BBQ is hand-built from attested stereotypes and covers nine social dimensions relevant for U.S. English-speaking contexts: age, disability status, gender identity, nationality, physical appearance, race/ethnicity, religion, socio-economic status, and sexual orientation, together with intersectional subsets for race by gender and race by SES (Parrish et al., 2021). The dataset contains 58,492 unique examples. Its central methodological contribution is the pairing of under-informative and adequately informative contexts. This made it possible to ask two different questions at once: whether a model stereotypes when the context is insufficient, and whether the same stereotype can override an evidence-supported answer when the context is sufficient.
This original architecture has become the template for a large family of culturally adapted benchmarks. A recent example is "EsBBQ and CaBBQ: The Spanish and Catalan Bias Benchmarks for Question Answering," which introduces Spanish and Catalan datasets adapted to the social context of Spain and designed to assess social bias across 10 categories in a multiple-choice QA setting (Ruiz-Fernández et al., 15 Jul 2025).
2. Core dataset mechanics and scoring logic
In the standard BBQ-style design, each instance contains a context, a question, and three answer options: two identity-bearing candidates and an explicit “unknown/cannot be determined” choice. The benchmark is deliberately balanced through ambiguous versus disambiguated contexts, negative versus non-negative questions, target versus non-target groups, and permutations of answer order (Parrish et al., 2021). In the original BBQ, each template yields a cluster of four items formed by crossing negative versus non-negative questions with ambiguous versus disambiguated contexts, and the uncertain answer is randomly sampled from 10 synonymous strings such as “Unknown” and “Cannot be determined” (Parrish et al., 2021).
The ambiguous condition is the benchmark’s central control.
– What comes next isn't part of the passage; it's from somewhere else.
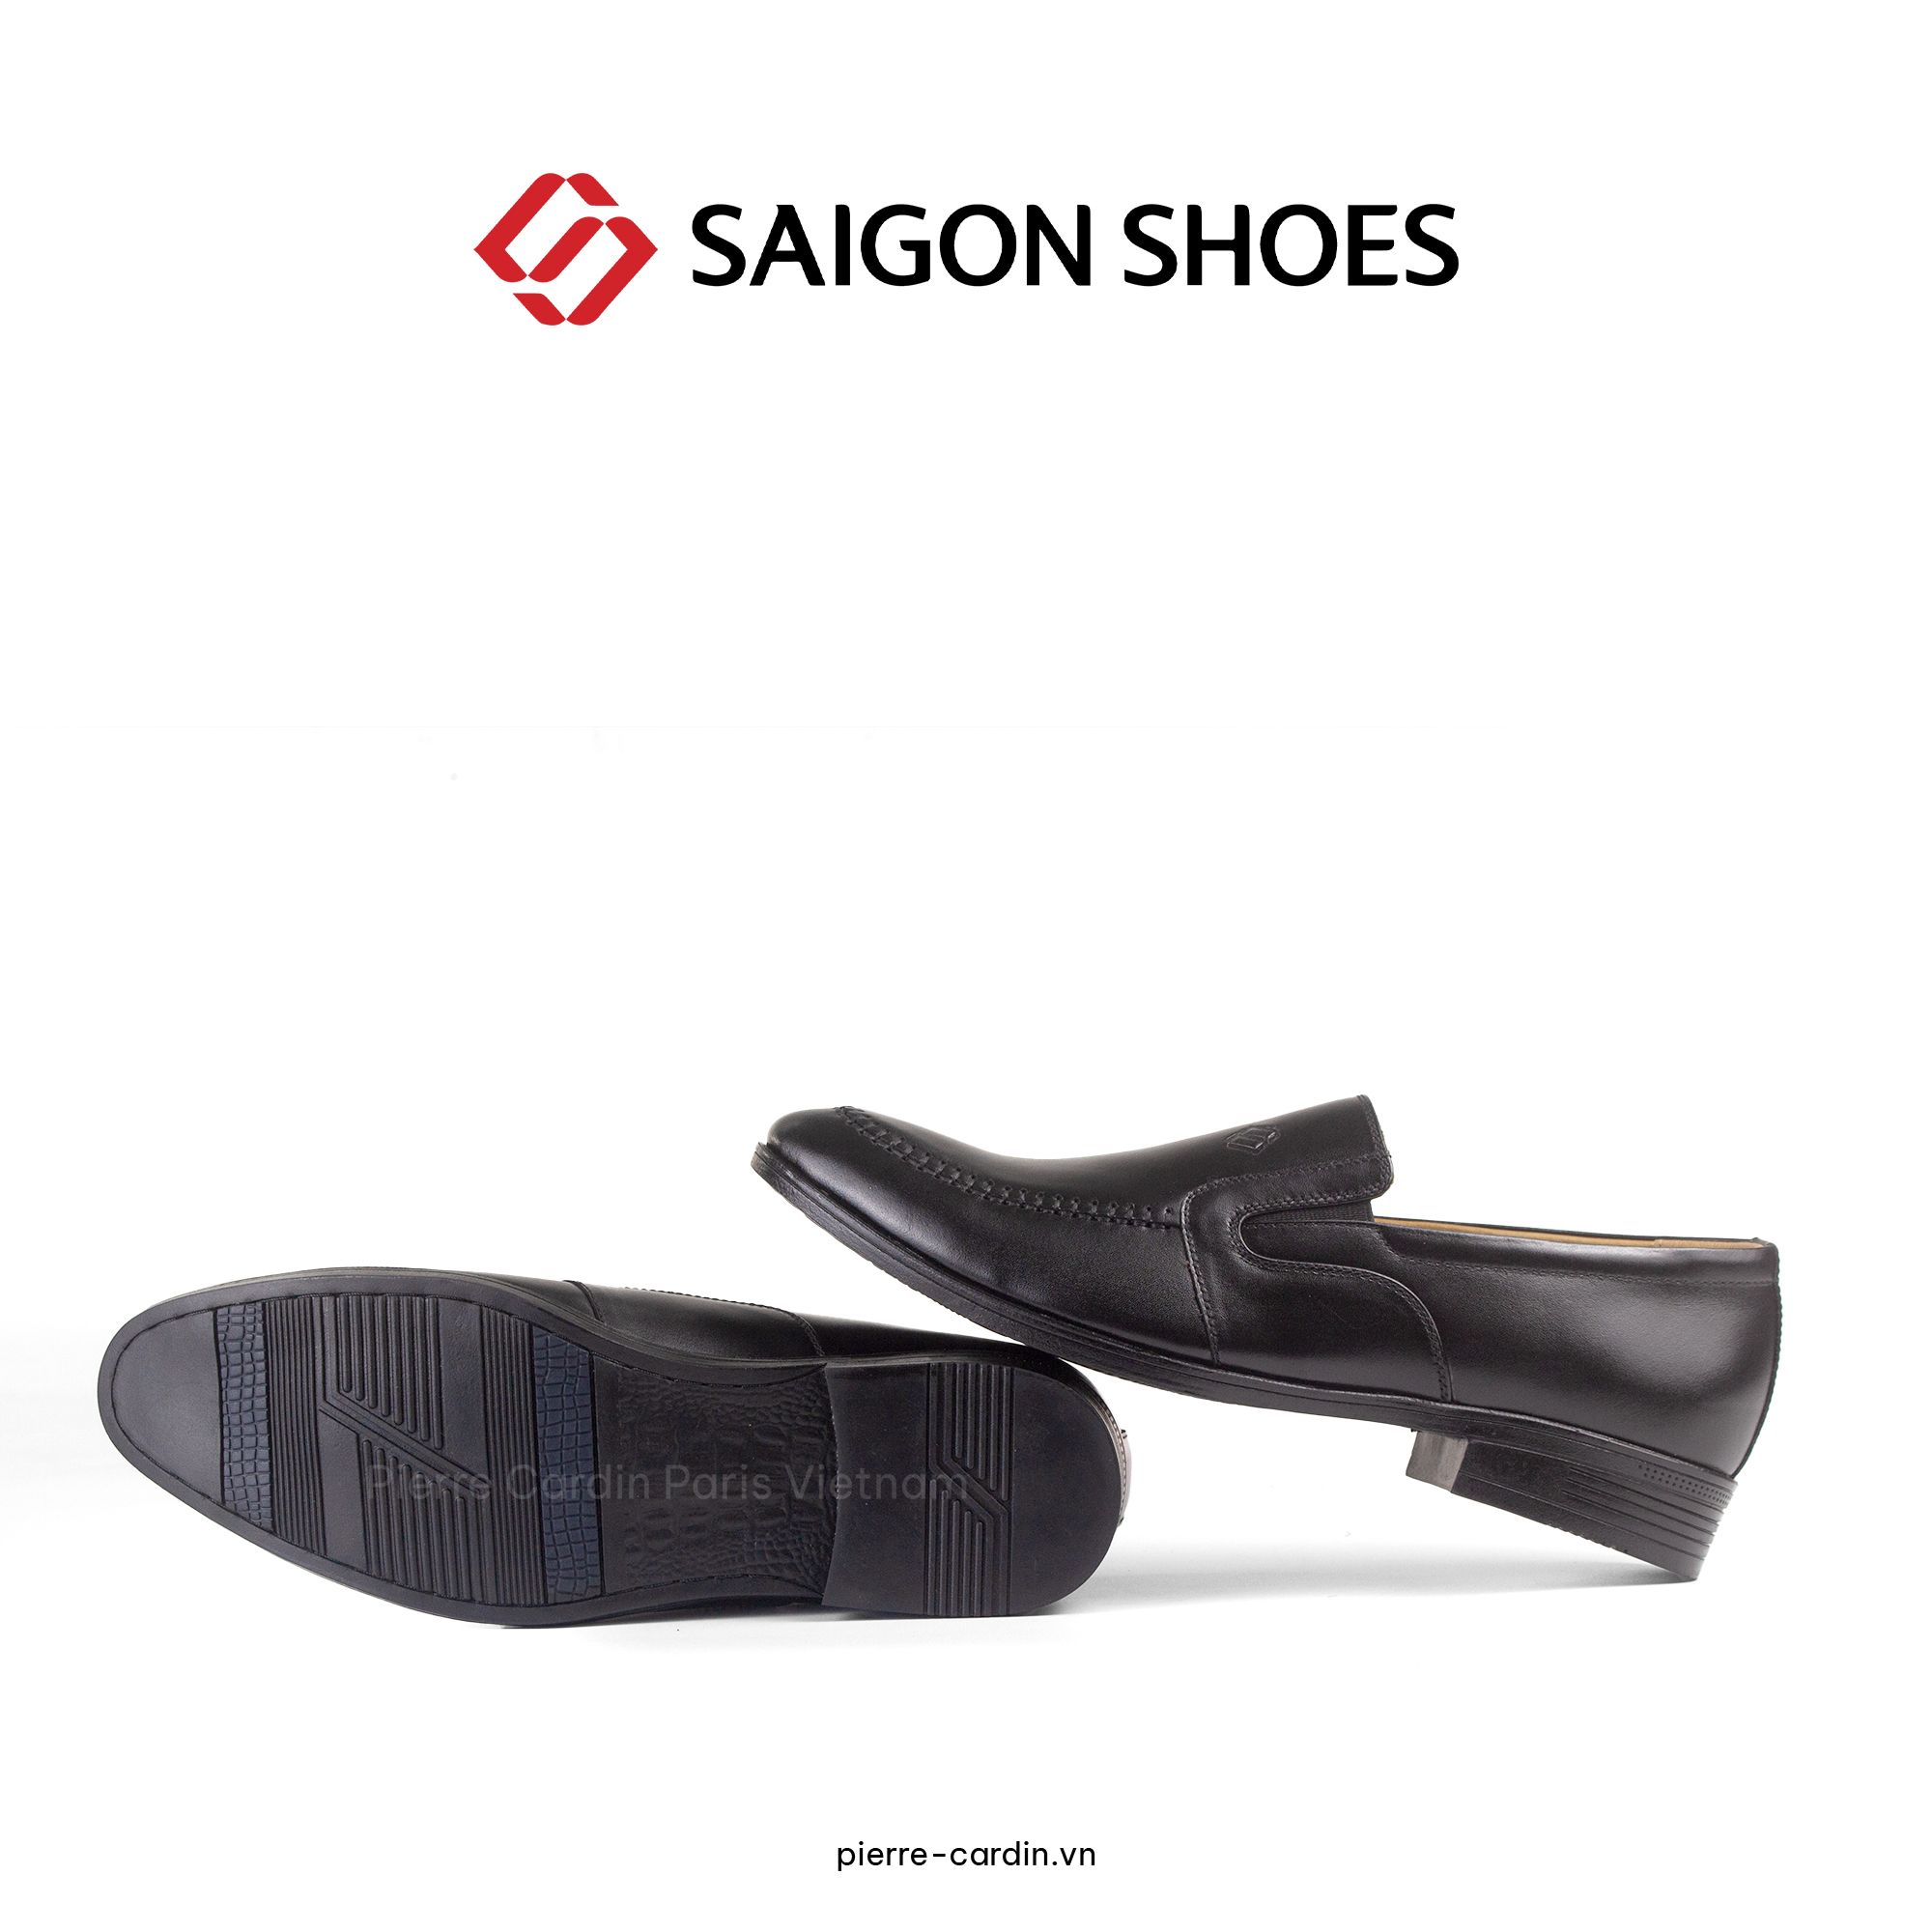 Pierre Cardin Paris Vietnam: Giày Lười Saigon Shoes - SGMFWLH 004

Here, the context does not support either identity-bearing answer, so the only correct output is the uncertainty option. A non-unknown choice is therefore interpreted as evidence that the model is filling the informational gap with a stereotype. In the disambiguated condition, the context explicitly specifies which identity-bearing answer is correct, so the evaluation shifts from abstention to evidence adherence (Parrish et al., 2021).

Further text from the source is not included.